I have long felt that what the Europeans did after coming to this land, and I am a descendant of those Europeans, was pretty disgraceful, all in all.  I do not know if it is entirely true but I have heard that every  treaty the U.S. government made with the native peoples who were here before the Europeans came was broken by the government.  Someone, it doesn't sound too far fetched.  Along with enslaving people from Africa and elsewhere being one of what I see as the "original sins" of the nation, the genocide of the indigenous peoples was another sad chapter.  And that presently we have demonized people whose faith is Islam, well, I am about as proud of that as when I think of the fact that Japanese Americans were interned during World War two after being relieved of all their propery by the government of this nation.  I know some people would find what I have said offensive.  I find it offensive to fail to acknowledge these issues.  It's a mixed bag, the history of this country.  Some good, some bad.  But surely not all pretty, not by a long shot.


The Aboriginal Americans got rolled by the Tide of History.   History will continue to do so.   So no sense in wringing one's hands over it.  In fact, another Tide is sweeping across Europe as I type. 
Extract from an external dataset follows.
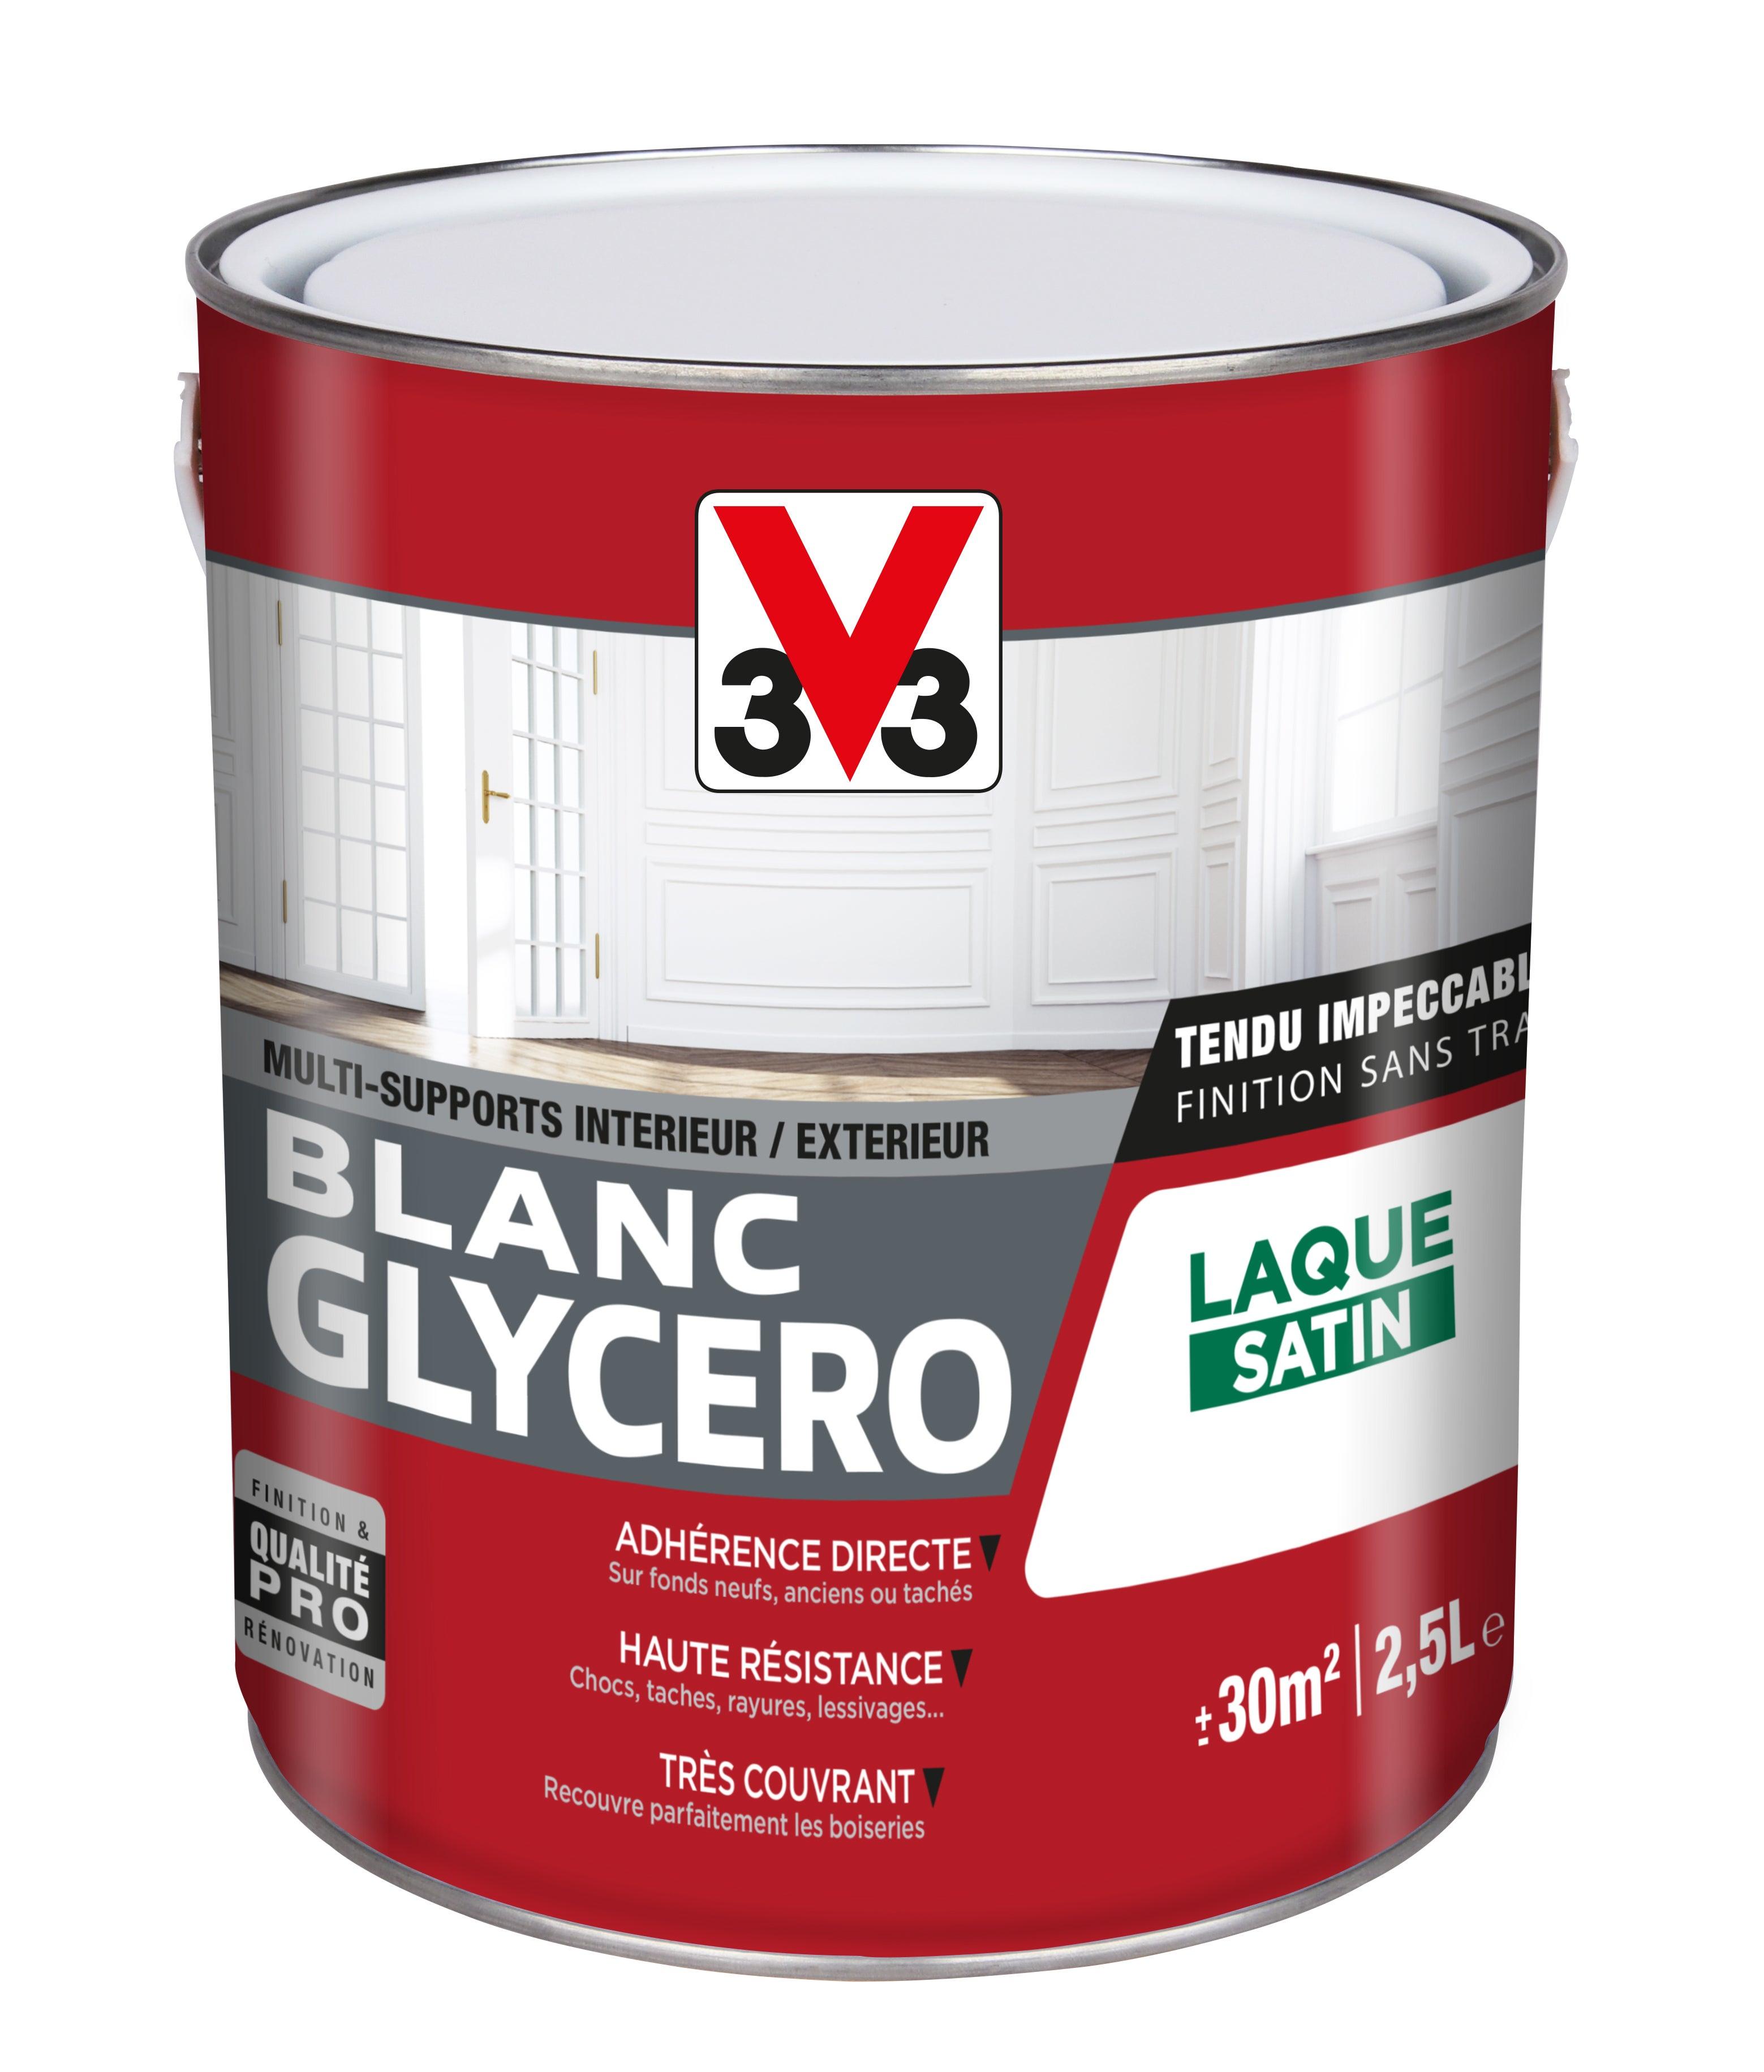 Peinture Multisupport V33 Glycero Blanc Satine 2 5 L Leroy Merlin

Lots of back-and-forth here, and I am glad that is the case.  The unfortunate eras in history should be remembered, and taught in schools, so that we can avoid allowing anything similar to build up in our society.

No, we won't have anything like "Custer's Last Stand", or, one would hope, the Nazis' "Final Solution", but the emotional states that allowed those events to happen are alive and well today.  Racism is just as strong, with Nationalism on the rise in many places.  So, what's to be done?

In my humble opinion, it begins with the individual recognizing that he/she cannot survive without others.  A simple thought that you need that person in a factory to make your phone, and that person to fix your car, and that person to cook your meal, and that person to keep the power running, and that person to tend to your broken body, and that person to entertain you, etc., ad infinitum. 

I am not an island, and therefore, I treat others as I want to be treated.  Easy to say, difficult to do, but worth it!

Had the Europeans stopped to consider just how much they could learn from the Native peoples, there would have been a lot less blood shed.  Europeans were as inevitable as the tide, but because of the belief that the European knows best, the Natives were cast aside - first metaphorically, then literally.

Let's do what we can to work together on things, and recognize that others will have ideas and answers we would never consider.


Let me gently inform you that blaming a whole race and characterizing them in general - the white race in this case - is racist and therefore you are a racist.